Question

Calculate the ratio of kinetic energy of alpha particles and proton when they are placed in electric field E.

Answer 1

Step 1: Given that:

Alpha particle and proton are placed in a uniform electric field.

Step 2: Formula used:

Charge on proton = $+e$

Alpha particle = Nucleus of helium

Charge on alpha particle = $+2e$

If the mass of the proton is $m$ then mass of alpha particle is $4m$ .

The force on a charge q in a uniform electric field E is given by

$F=qE$

But, F= ma ( By second law of motion)

Thus,

$ma=qE$

$a=\frac{qE}{m}$

The initial velocity of proton, as well as alpha particle, is taken as zero.

According to the first equation of motion, $v=u+at$

Thus, $v=at$

The kinetic energy of a body of mass m moving with velocity v is given by $\frac{1}{2}m{v}^2$ .

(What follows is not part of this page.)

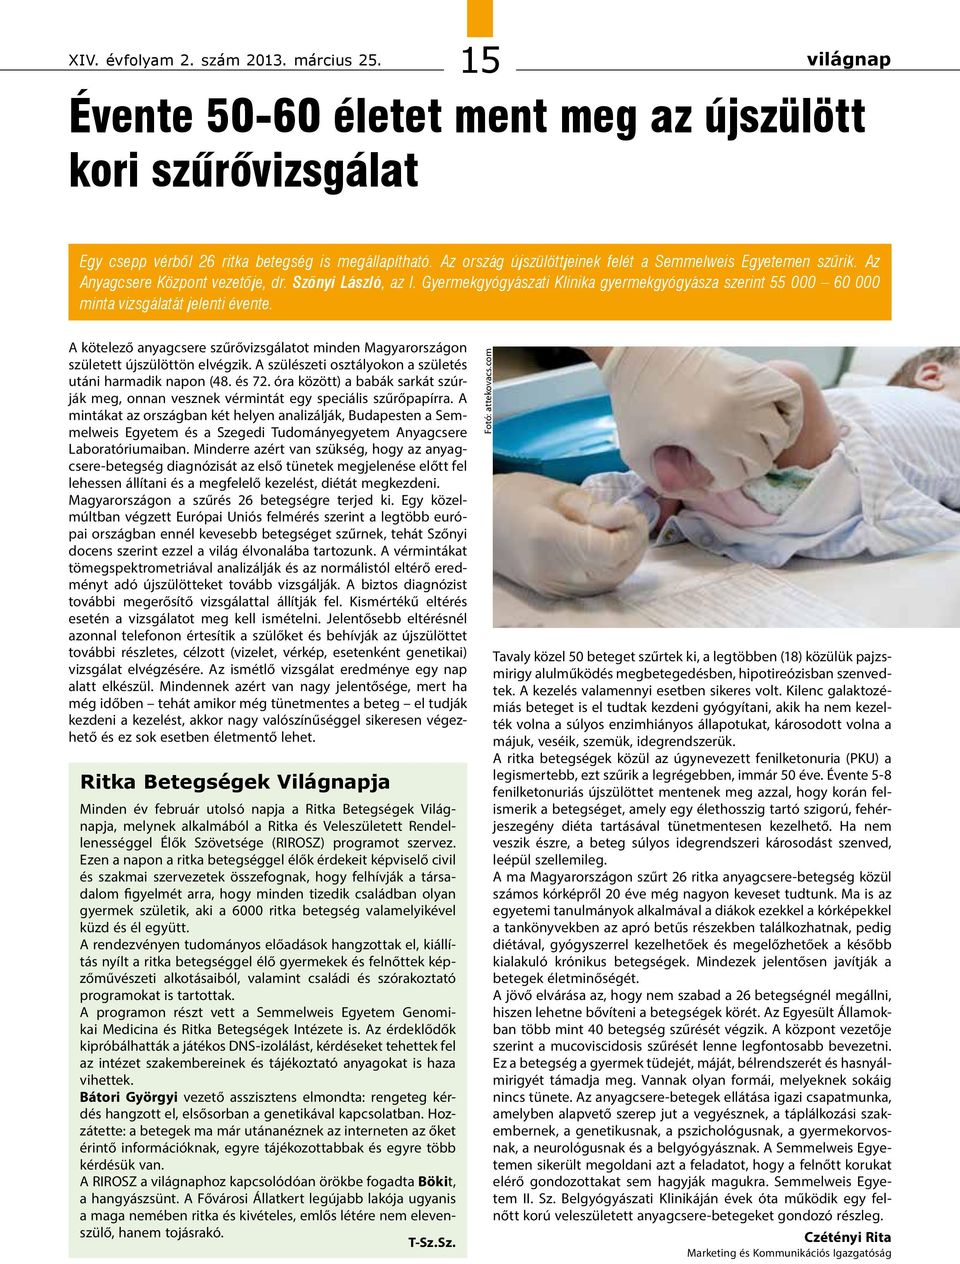 Gyermekgyógyászati Klinika gyermekgyógyásza szerint 55 000 60 000 minta vizsgálatát jelenti évente. A kötelező anyagcsere szűrővizsgálatot minden Magyarországon született újszülöttön elvégzik.

Step 3: Calculation of velocity of alpha particle and proton:

Acceleration in proton($a_p$) = $\frac{eE}{m}$

Acceleration in alpha particle($a_{he}$) = $\frac{2eE}{m}$

Let the velocity of proton is $v_p$ and the velocity of alpha particle is $v_{he}$ then

Using the first equation of motion

For time t;

$v_p=\frac{eE}{m}\times t$

And for alpha particle;

$v_{he}=\frac{2eE}{m}\times t$

Step 4: Calculation of ratio of the kinetic energy of an alpha particle to proton:

The kinetic energy of the proton

$K_p=\frac{1}{2}\times m\times {\left(\frac{eE}{m}t\right)}^2$

$K_p=\frac{1}{2m}{\left(eEt\right)}^2$ .............(1)

The kinetic energy of the alpha particle will be;

$K_{\alpha }=\frac{1}{2}\times 4m\times {(\frac{2eE}{m}\times t)}^2$

$K_{\alpha }=2m\times 4\frac{{\left(eEt\right)}^2}{m^2}$

$K_{\alpha }=8\frac{{\left(eEt\right)}^2}{m}$.............(2)

Now, dividing equation (2) by equation 1), we get;

$\frac{K_{\alpha }}{K_p}=\frac{8\frac{{\left(eEt\right)}^2}{m}}{\frac{1}{2}\frac{{\left(eEt\right)}^2}{m}}$

$\frac{K_{\alpha }}{K_p}=\frac{16}{1}$

Thus,

The ratio of the kinetic energy of an alpha particle to the kinetic energy of the proton is $16:1$.